No matter the cost, and no matter the means ?
No matter the cost to the enemy, yes.
So… torture OK ? Rape of Nanking-style atrocities ? Spreading typhus or ebola ? Slow broiling children alive on live television ? British cuisine ? If any or all of the above can/will shorten a war, they’re cool ?
(Beyond that and as a side note, it could be argued that the use of atomic weapons had a very dear price to the Allies as well - the proof that the US not only had them, but was clearly willing to use them made Russia very, very afraid, and with good reasons. Cue the Cold War, and all the shit that came with it. Would that have happened absent those two bright double flashes, I wonder ?)

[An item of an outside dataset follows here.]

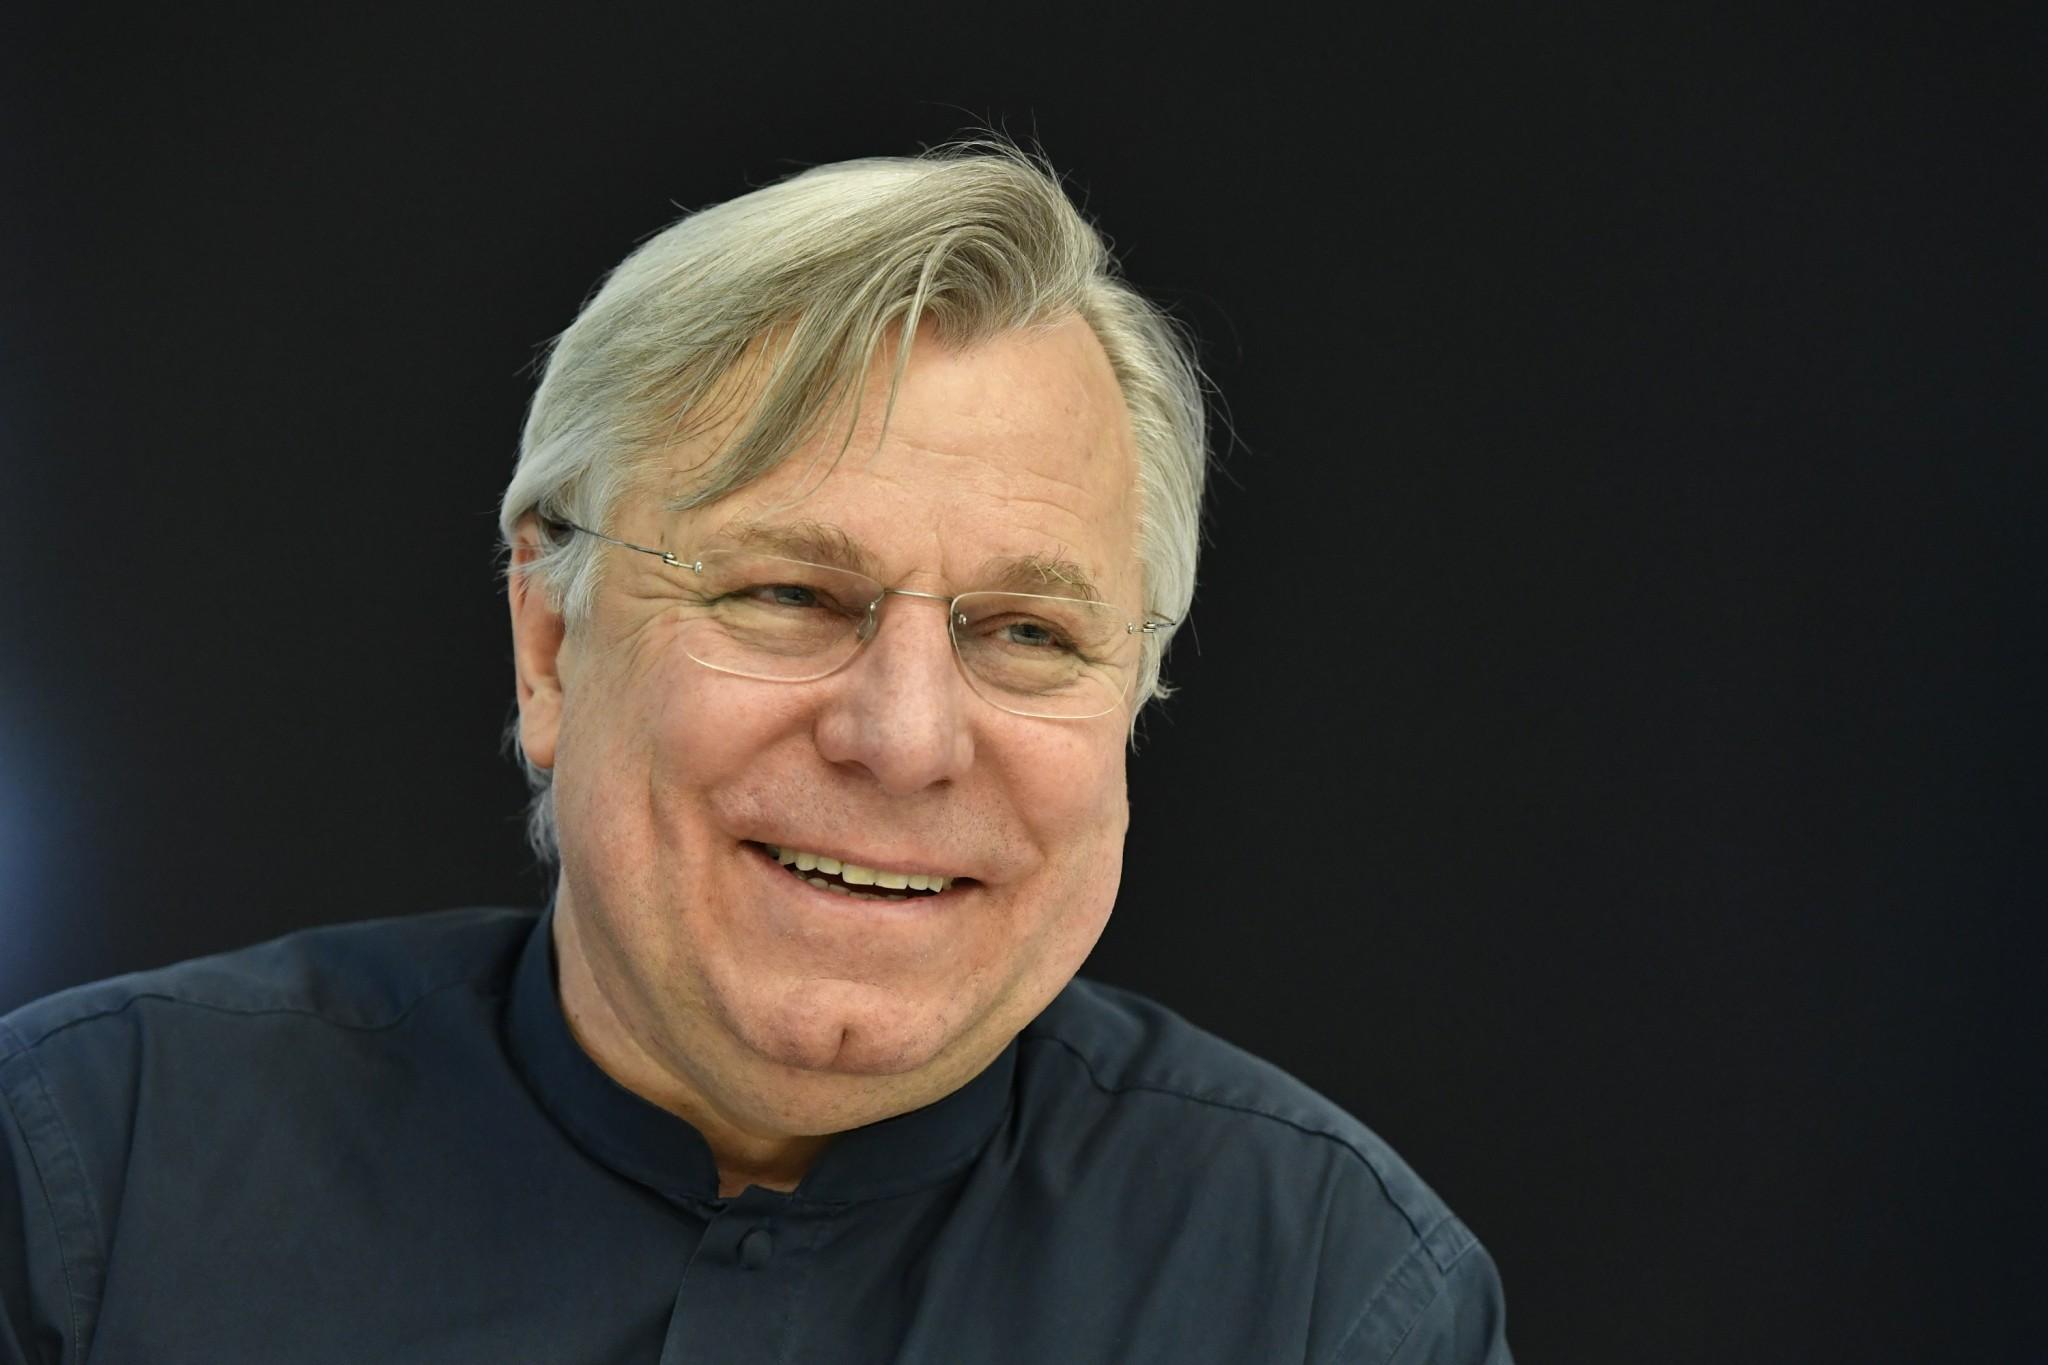 Professor Kelvin Willoughby. Photo: Skoltech.
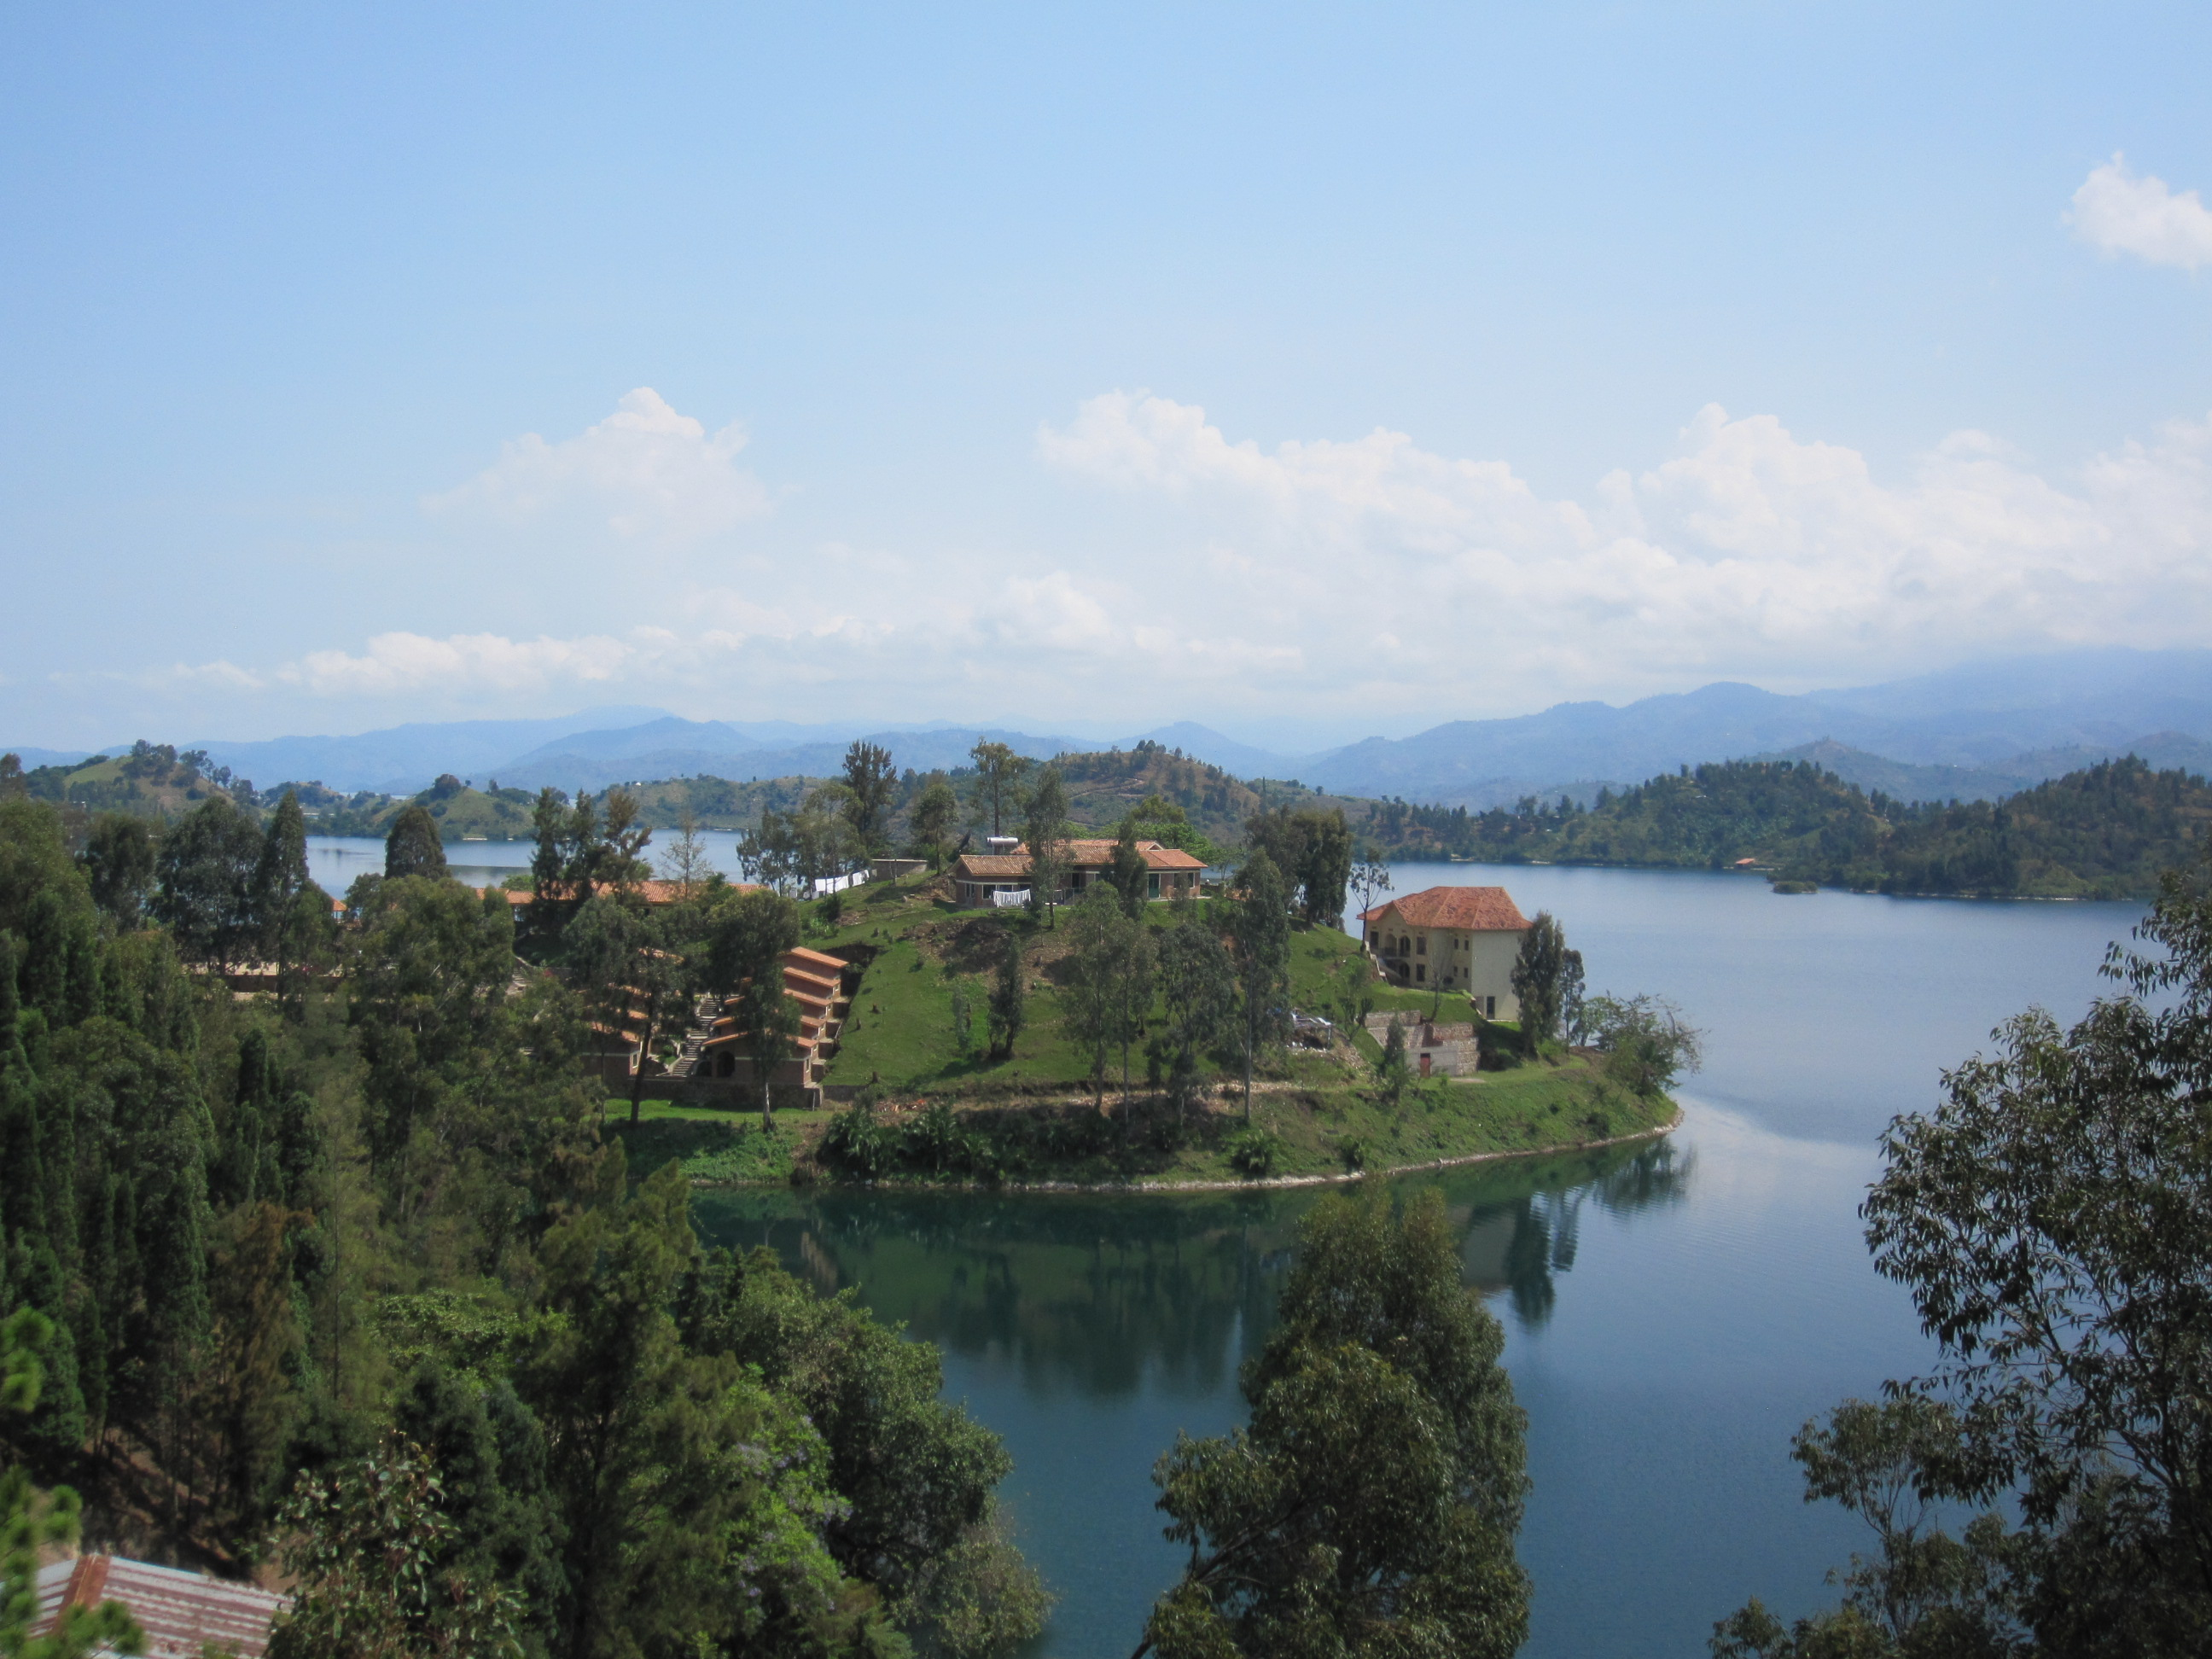 Hotel Bethanie, Kibuye, Lake Kivu

Okay, yeah, those things might not be okay (except the speading disease one, I have no objection to that). I thought we were talking about “the cost” in terms of pure numbers of enemy deaths. If it had taken exterminating every last Japanese man, woman and child to put a stop to the war, I’d have been okay with it, but no, there’s no need for outright cruelty for the sake of cruelty.
The sin was on the Japanese government officials who did not immediately surrender, and who had started the war and committed atrocities comparable to the Nazis if not greater. Ask the Chinese who endured years of Japanese occupation and atrocities.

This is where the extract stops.